According to a 1910 emigration record, Vincenzo Salemi first arrived in New York City in 1901. I haven’t yet found a record for Vincenzo’s arrival before his marriage in New York. Five months after her husband’s murder, Lucia Terranova appears on the Sardegna, coming back from Sicily with her older half-sister Marietta, Marietta’s young daughter, and both Salemi sisters. The Salemis say they’re joining their cousin Sebastiano Di Palermo, a known Morello gangster, at the same address where the Terranova family lives. Vincenzo is not on this voyage. And Sebastiano Di Palermo is not a cousin of the Salemi sisters.

It would seem that Giuseppe did not pre-select his bride, since both sisters made the voyage. Nicolena’s older sister, Francesca, returned to Corleone and married in 1905.

Lucia and Vincenzo married right after Christmas in 1903, the same month in which Nicolena married Giuseppe. Lucia and Vincenzo’s marriage record indicates this was a first marriage for them both. They had six children together before Vincenzo was killed in a gang war in 1923.

Sources

Babin II, D. (2015, April 28). Bumped off on the bayou: the macaroni wars. Retrieved 2 February 2019 from https://louisianamafia.wordpress.com/2015/04/28/bumped-off-on-the-bayou-the-macaroni-wars/  

Critchley, D. (2009). The origin of organized crime in America: The New York City Mafia, 1891-1931. Routledge.

Dash, M. (2009). The first family: Terror, extortion, revenge, murder, and the birth of the American Mafia. Random House.

Manifest of the Konigin Luise. (1910, October 22). “New York Passenger Arrival Lists (Ellis Island), 1892-1924,” database with images, FamilySearch (https://familysearch.org/ark:/61903/3:1:3Q9M-C9T3-YGKT?cc=1368704&wc=4XBX-3J7%3A1600412417 : 26 January 2018), Roll 1588, vol 3499-3501, 3 Nov 1910 > image 788 of 1303; citing NARA microfilm publication T715 and M237 (Washington D.C.: National Archives and Records Administration, n.d.).

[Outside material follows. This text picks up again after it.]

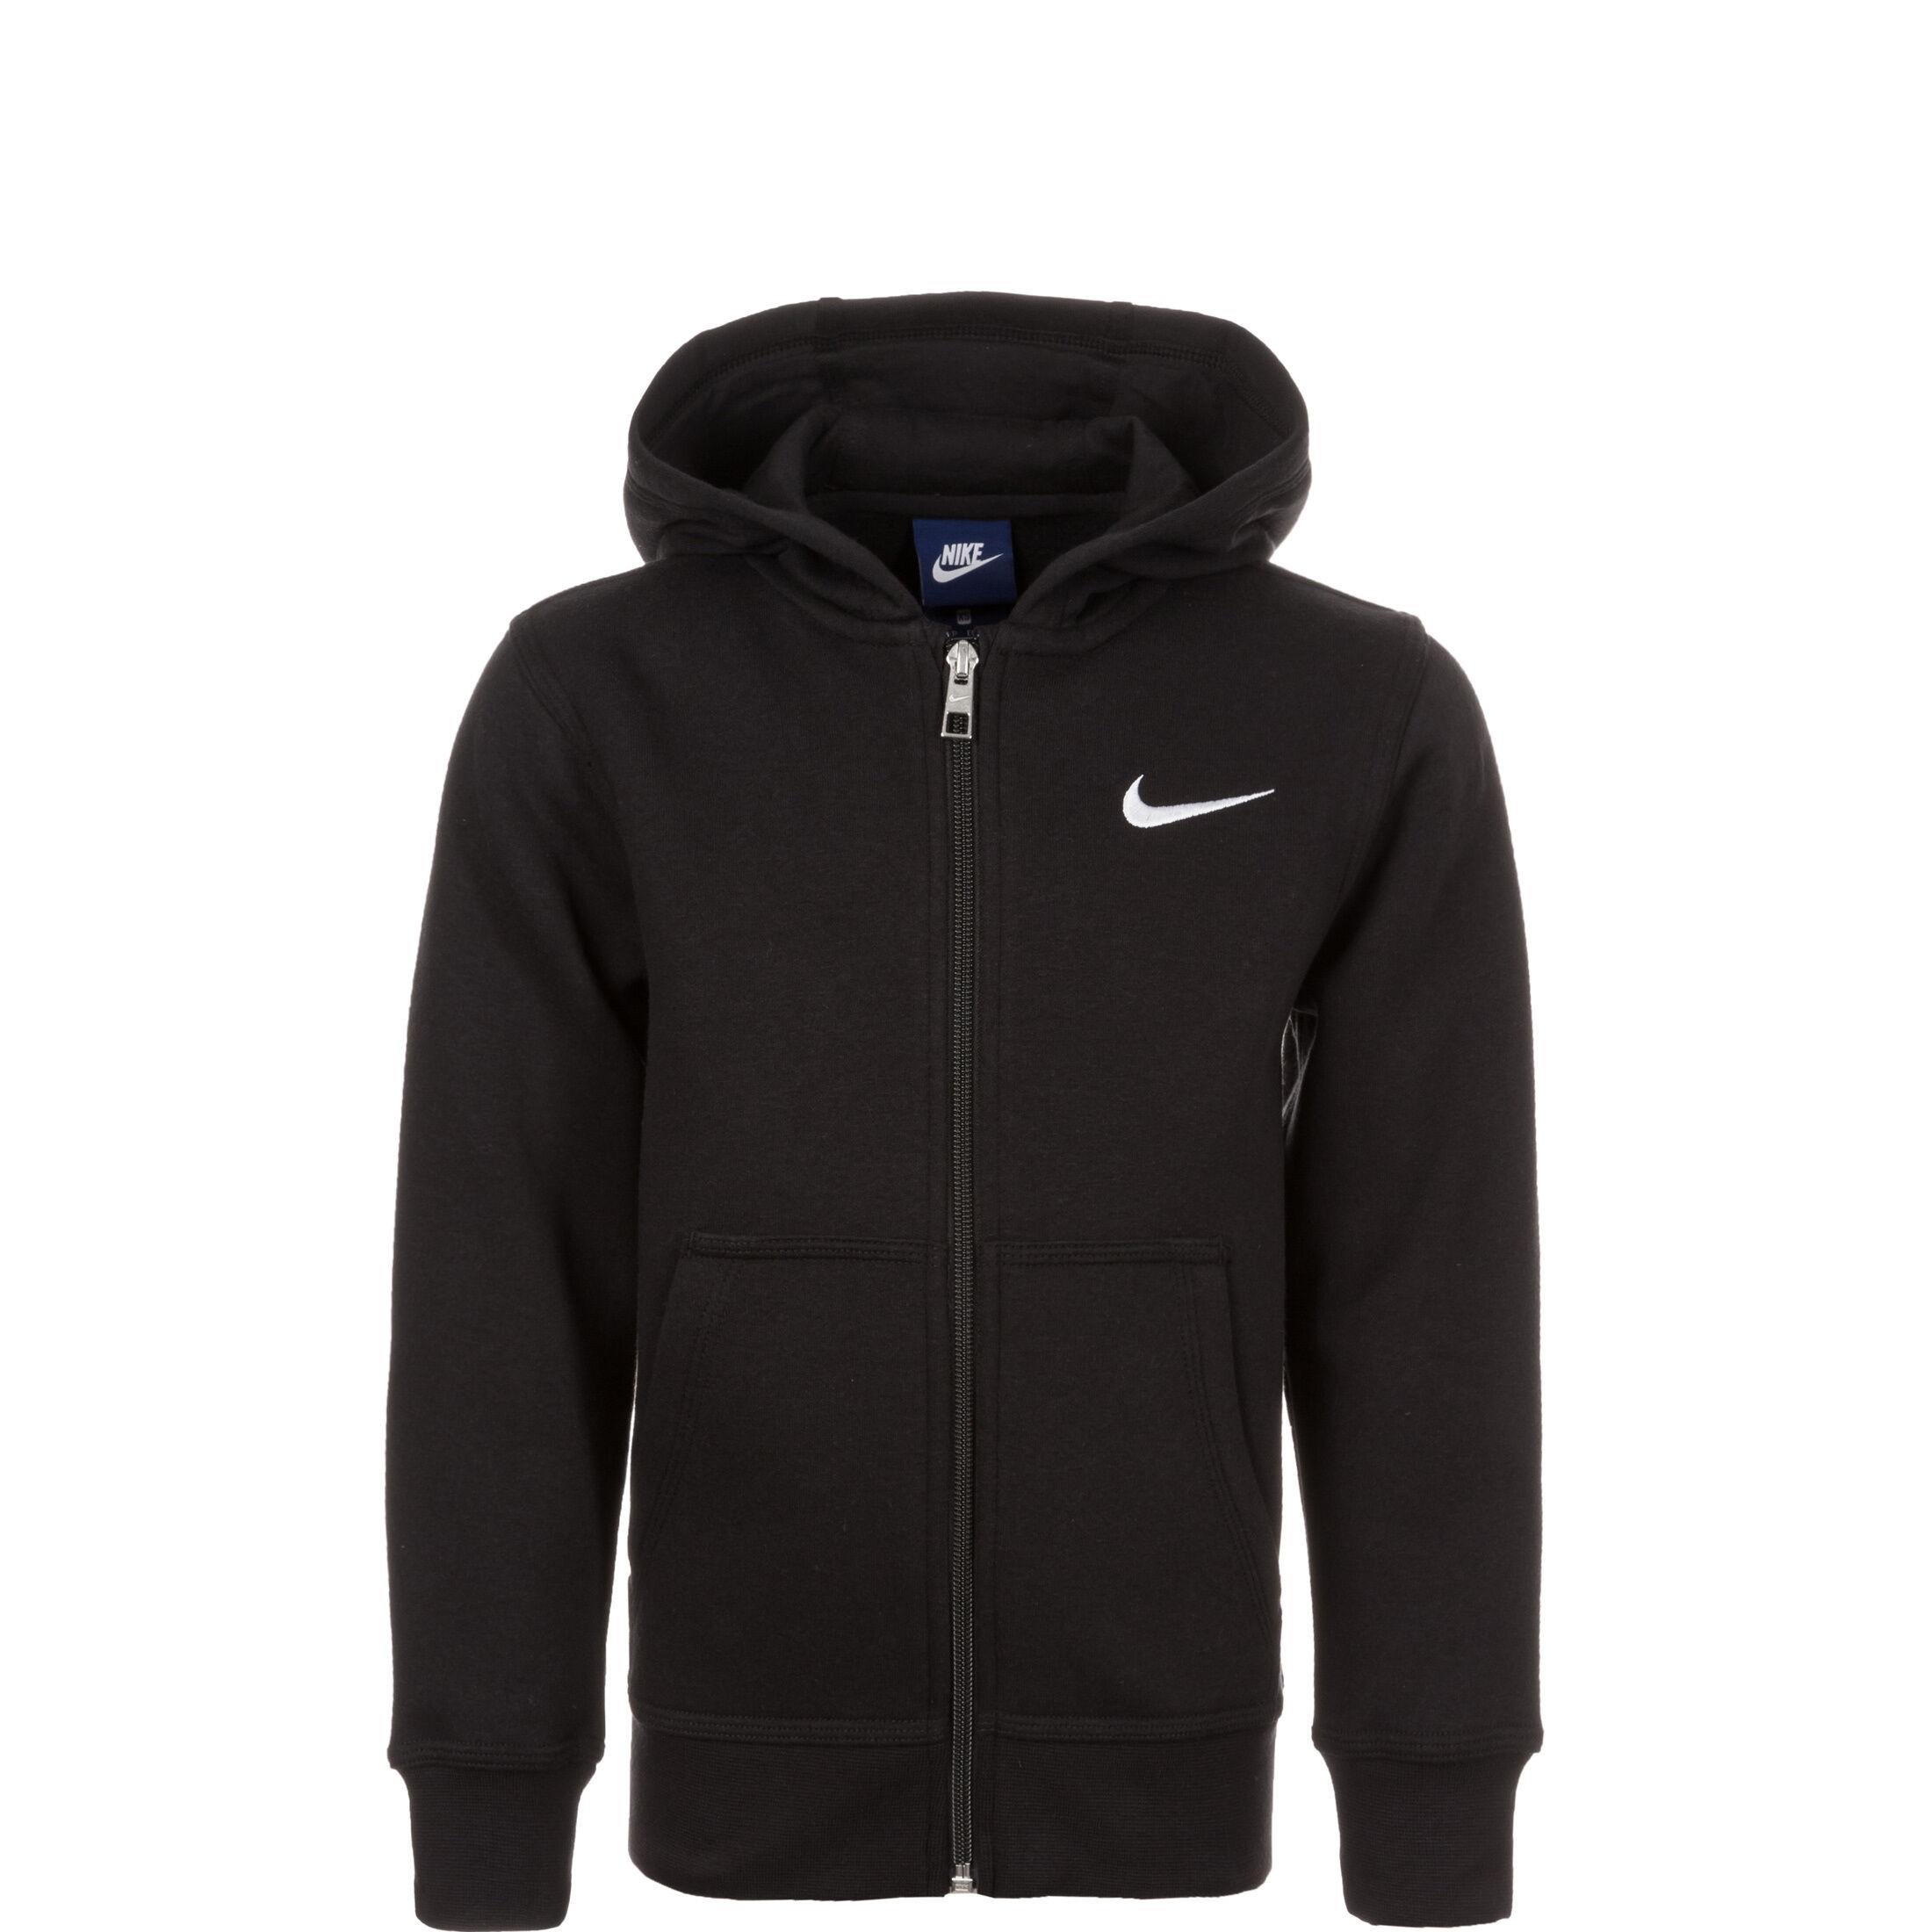 Nike Hoodie FZ YA76 Fleece GrauWeiß Kinder

Manifest of the Sardegna. (1903, September 23). “New York Passenger Arrival Lists (Ellis Island), 1892-1924,” database with images, FamilySearch (https://familysearch.org/ark:/61903/3:1:33SQ-G16T-KLP?cc=1368704&wc=4FMB-7NB%3A1600272377 : 26 January 2018), Roll 396, vol 718-719, 22 Sep 1903-23 Sep 1903 > image 578 of 683; citing NARA microfilm publication T715 and M237 (Washington D.C.: National Archives and Records Administration, n.d.).

Marriage of Vincenzo Salemi and Lucia Terranova. (1904). Certificate no. 249. NYC DORIS website. Retrieved 29 March 2022 from https://a860-historicalvitalrecords.nyc.gov/view/4571088  

The Murdered Italian Found at Whitecastle. (1903, May 7). Times-Picayune (New Orleans, LA).

Terranova household. (1900, June 12). Lines 52-59. “United States Census, 1900,” database with images, FamilySearch (https://familysearch.org/ark:/61903/3:1:S3HY-6S7W-S88?cc=1325221&wc=9B7R-HZG%3A1030551901%2C1035804001%2C1036212201 : 5 August 2014), New York > New York County > ED 907 Borough of Manhattan, Election District 21 New York City Ward 32 > image 56 of 92; citing NARA microfilm publication T623 (Washington, D.C.: National Archives and Records Administration, n.d.).

Warner, R., Santino, A., and Van ‘t Riet, L. (2014, May). The early New York mafia: an alternative theory. Informer Journal. Pp. 4+.